───── Provided data ─────

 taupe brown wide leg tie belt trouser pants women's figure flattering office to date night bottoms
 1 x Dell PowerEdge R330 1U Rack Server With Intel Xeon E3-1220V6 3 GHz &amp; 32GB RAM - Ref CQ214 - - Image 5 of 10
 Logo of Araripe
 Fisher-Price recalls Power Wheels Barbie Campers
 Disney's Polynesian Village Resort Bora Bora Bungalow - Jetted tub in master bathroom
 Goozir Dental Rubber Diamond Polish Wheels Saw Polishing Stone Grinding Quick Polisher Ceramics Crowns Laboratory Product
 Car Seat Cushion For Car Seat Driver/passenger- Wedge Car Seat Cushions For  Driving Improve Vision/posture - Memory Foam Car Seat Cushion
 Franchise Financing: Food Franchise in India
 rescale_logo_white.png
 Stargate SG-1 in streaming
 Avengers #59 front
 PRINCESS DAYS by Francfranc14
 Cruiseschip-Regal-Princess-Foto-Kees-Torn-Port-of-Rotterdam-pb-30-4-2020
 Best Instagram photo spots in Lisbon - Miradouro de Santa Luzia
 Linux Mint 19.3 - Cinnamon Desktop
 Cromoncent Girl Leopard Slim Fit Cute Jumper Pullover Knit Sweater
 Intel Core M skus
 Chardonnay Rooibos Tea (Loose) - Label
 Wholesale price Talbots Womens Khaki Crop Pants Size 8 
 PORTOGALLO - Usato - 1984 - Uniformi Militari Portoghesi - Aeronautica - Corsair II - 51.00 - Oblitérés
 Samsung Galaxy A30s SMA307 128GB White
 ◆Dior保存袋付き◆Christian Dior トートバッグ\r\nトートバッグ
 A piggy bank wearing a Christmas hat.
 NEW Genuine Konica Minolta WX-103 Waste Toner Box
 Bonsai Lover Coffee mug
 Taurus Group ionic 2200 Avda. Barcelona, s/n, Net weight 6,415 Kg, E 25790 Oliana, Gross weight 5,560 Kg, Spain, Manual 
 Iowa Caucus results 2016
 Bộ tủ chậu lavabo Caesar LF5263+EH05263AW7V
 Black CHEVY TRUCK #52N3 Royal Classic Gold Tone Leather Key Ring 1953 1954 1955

─────

**What you will do**
Could you retype exactly the lines from the first one of the records through the line containing "Best Instagram photo", both included, and nothing more?

**Result of the task**
 taupe brown wide leg tie belt trouser pants women's figure flattering office to date night bottoms
 1 x Dell PowerEdge R330 1U Rack Server With Intel Xeon E3-1220V6 3 GHz &amp; 32GB RAM - Ref CQ214 - - Image 5 of 10
 Logo of Araripe
 Fisher-Price recalls Power Wheels Barbie Campers
 Disney's Polynesian Village Resort Bora Bora Bungalow - Jetted tub in master bathroom
 Goozir Dental Rubber Diamond Polish Wheels Saw Polishing Stone Grinding Quick Polisher Ceramics Crowns Laboratory Product
 Car Seat Cushion For Car Seat Driver/passenger- Wedge Car Seat Cushions For  Driving Improve Vision/posture - Memory Foam Car Seat Cushion
 Franchise Financing: Food Franchise in India
 rescale_logo_white.png
 Stargate SG-1 in streaming
 Avengers #59 front
 PRINCESS DAYS by Francfranc14
 Cruiseschip-Regal-Princess-Foto-Kees-Torn-Port-of-Rotterdam-pb-30-4-2020
 Best Instagram photo spots in Lisbon - Miradouro de Santa Luzia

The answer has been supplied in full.